* _Task statement_:
Without including any pictures, reproduce the full listing exactly.

* _Dataset extract_:
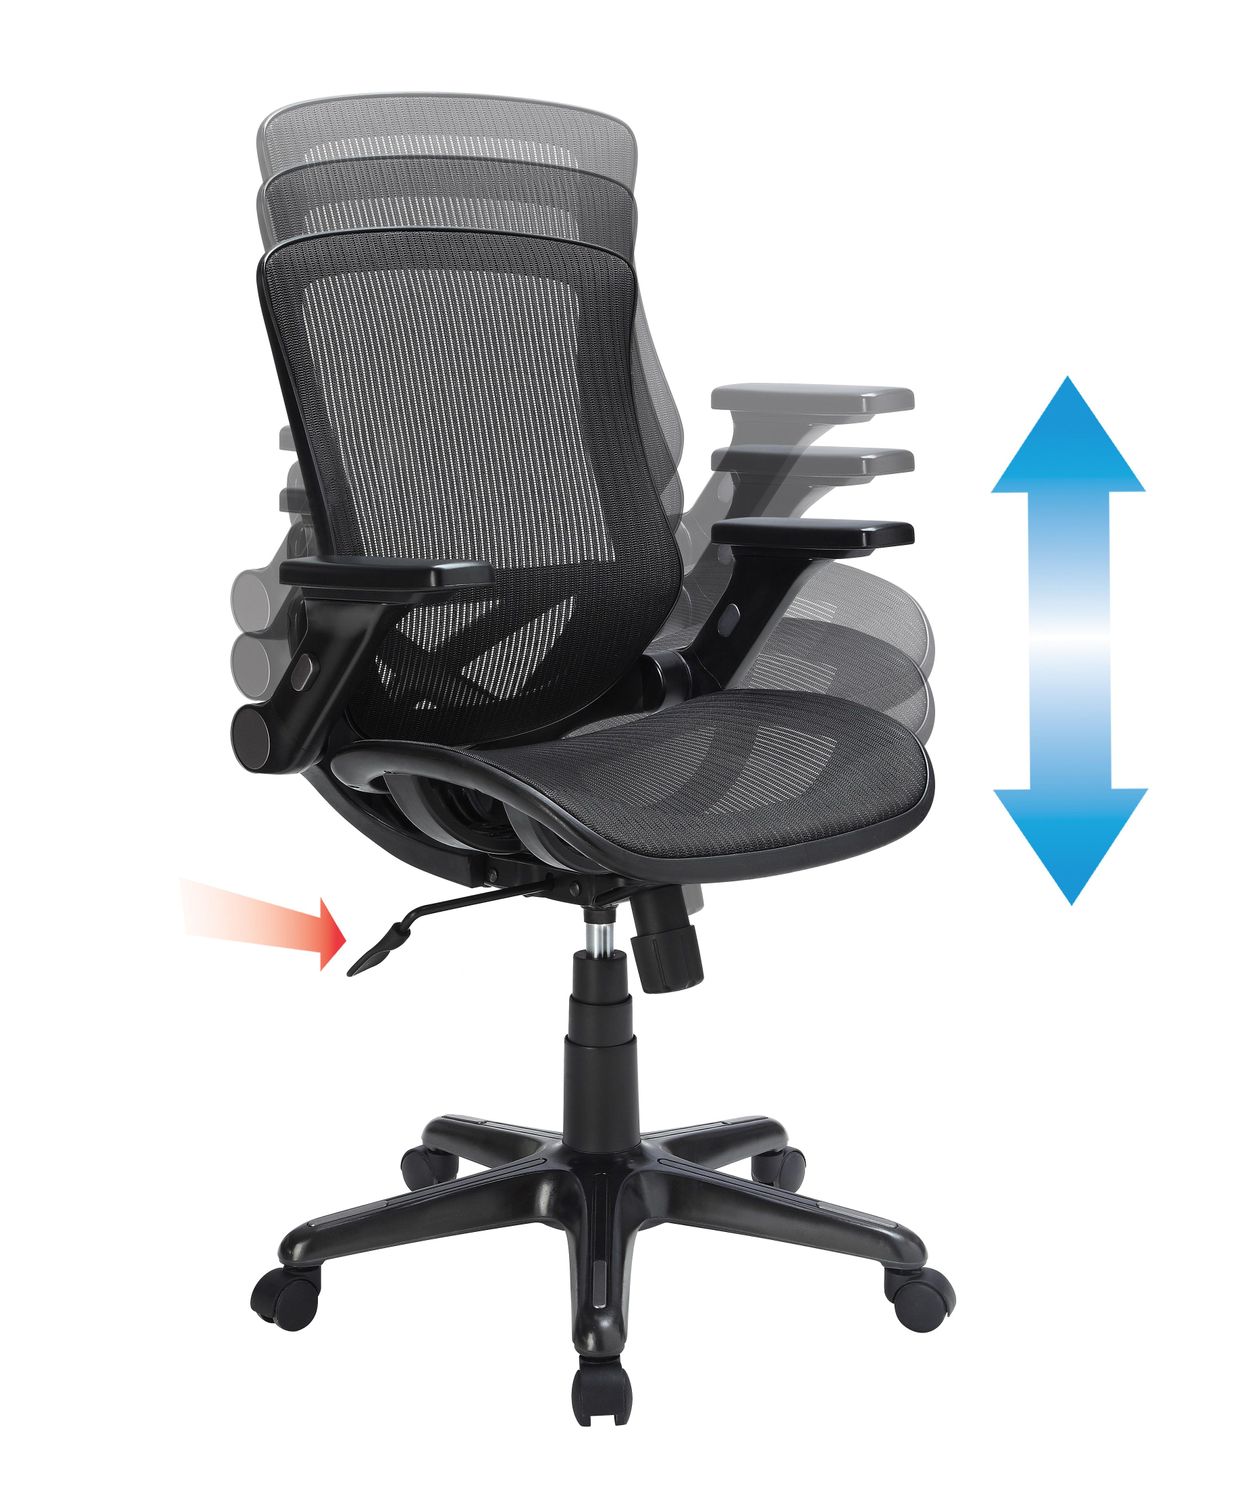 Bayside Furnishings Metrex Iv Mesh Office Chair Costco
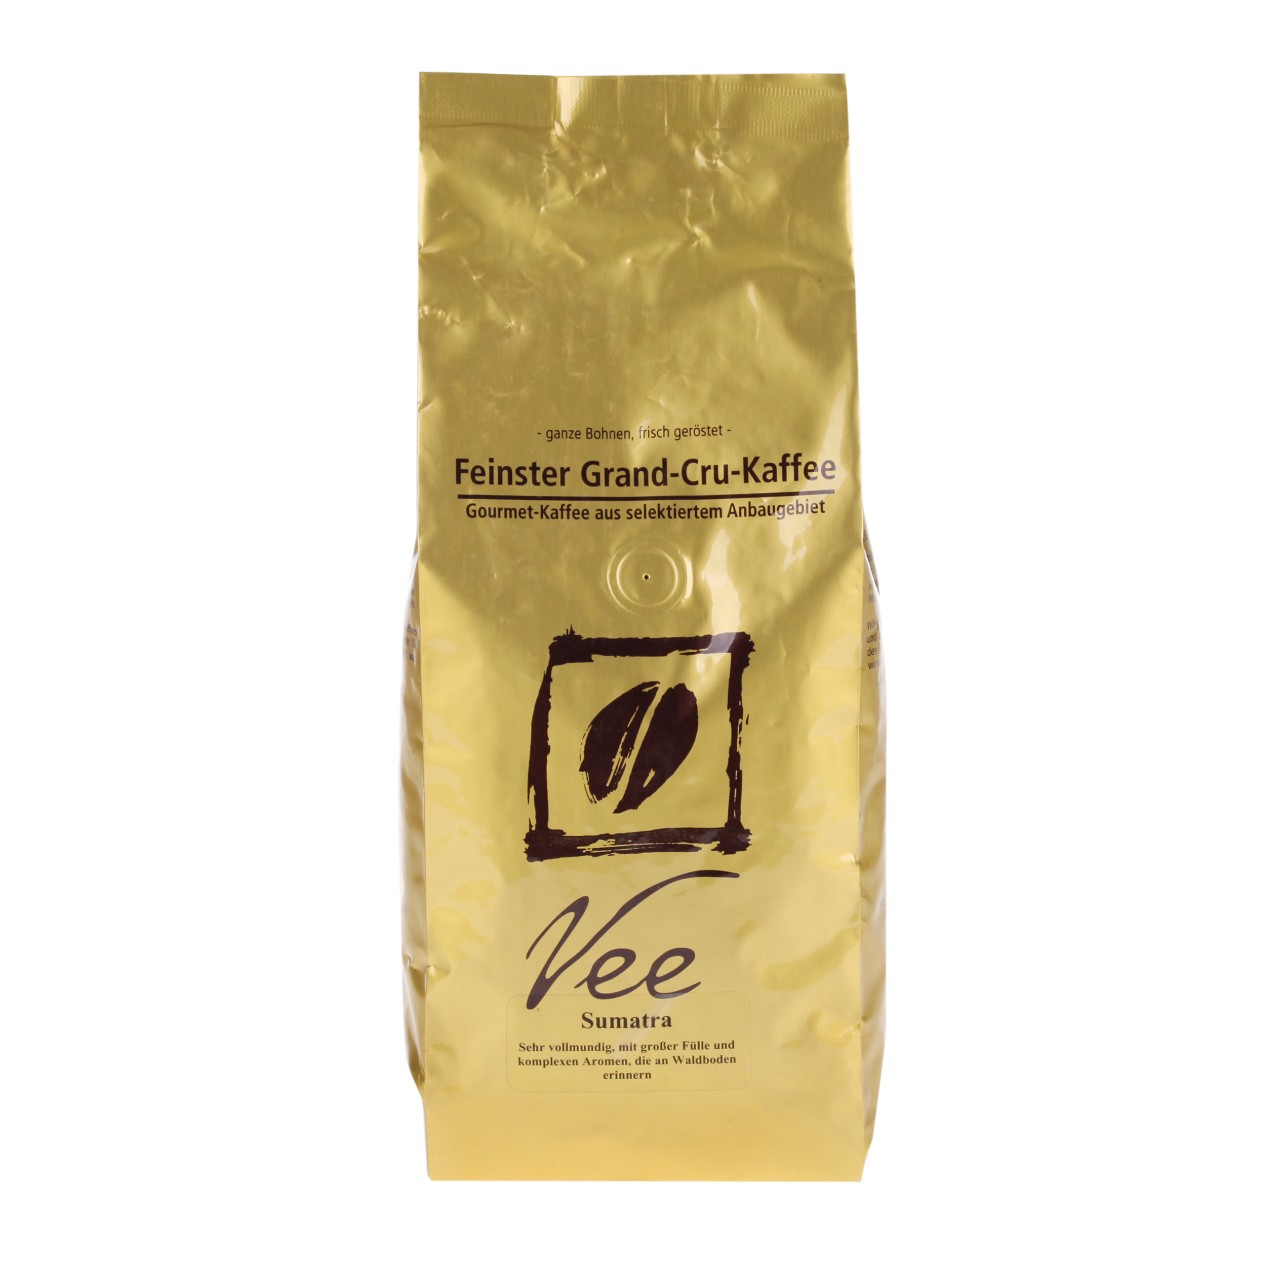 Vee Coffee Sumatra
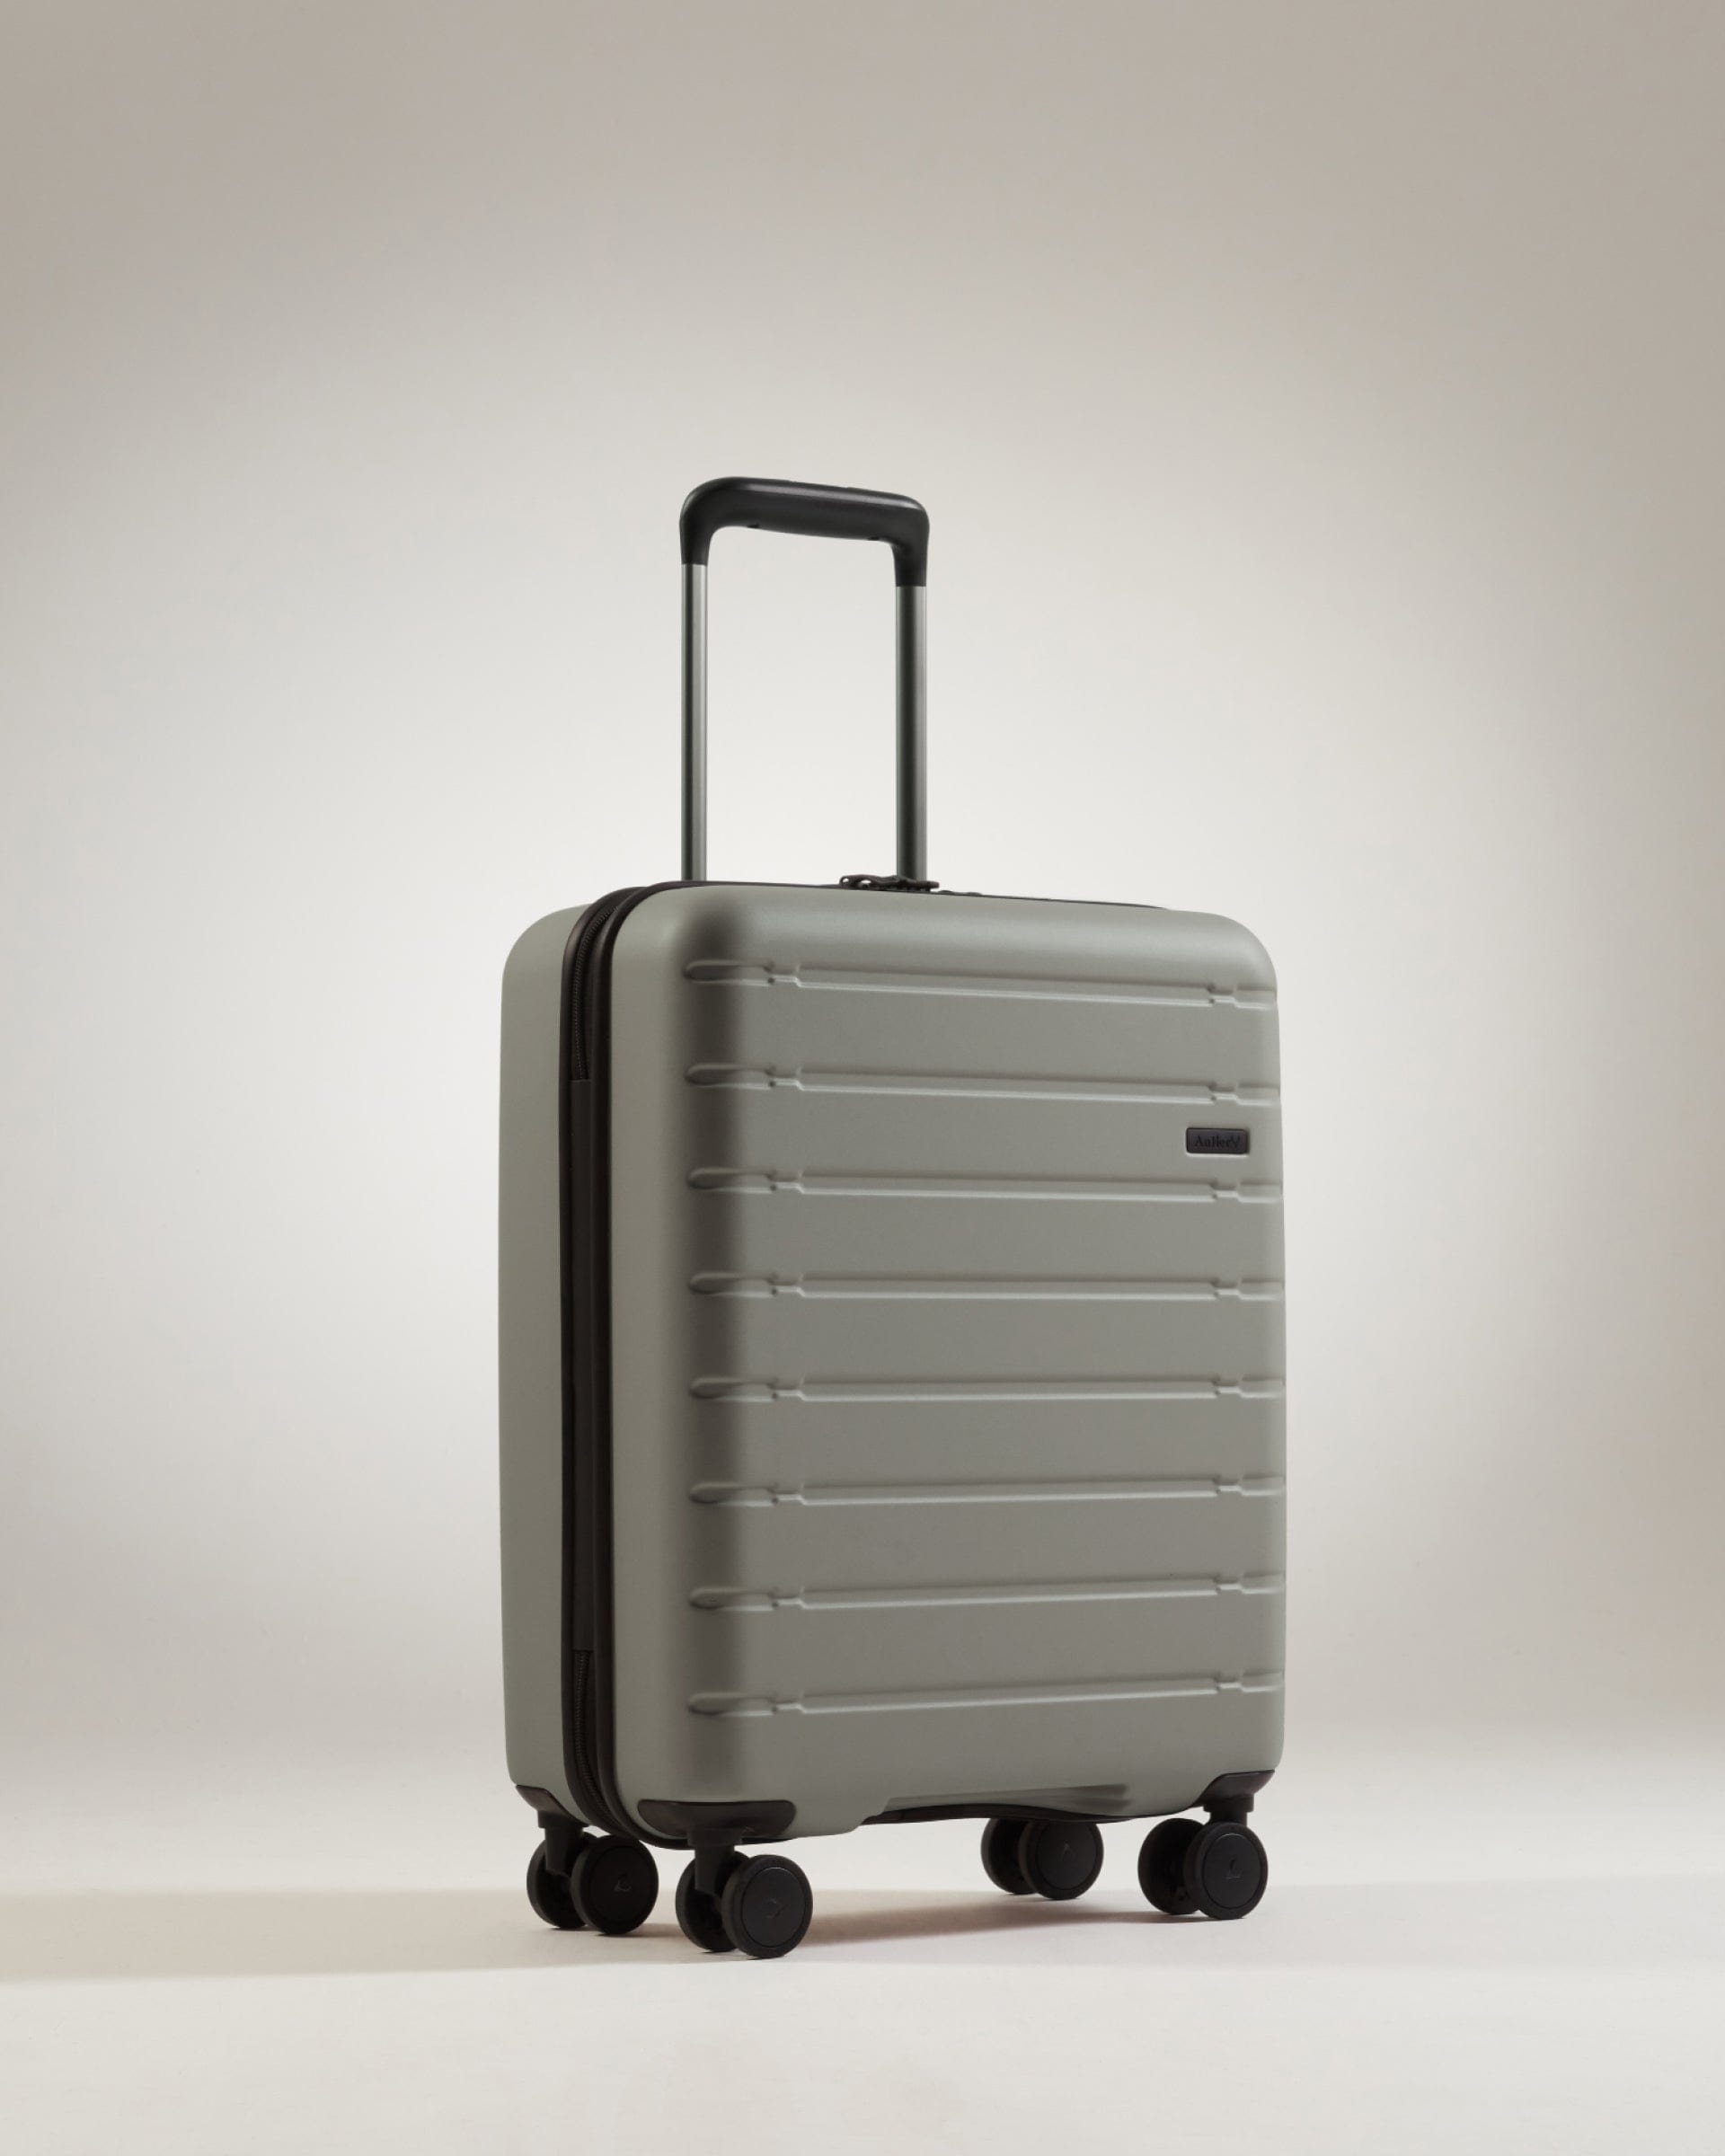 View Antler Stamford Cabin Suitcase In Khaki Size 541 x 402 x 20 cm information

* _Reply_:
 Bayside Furnishings Metrex Iv Mesh Office Chair Costco
 Vee Coffee Sumatra
 View Antler Stamford Cabin Suitcase In Khaki Size 541 x 402 x 20 cm information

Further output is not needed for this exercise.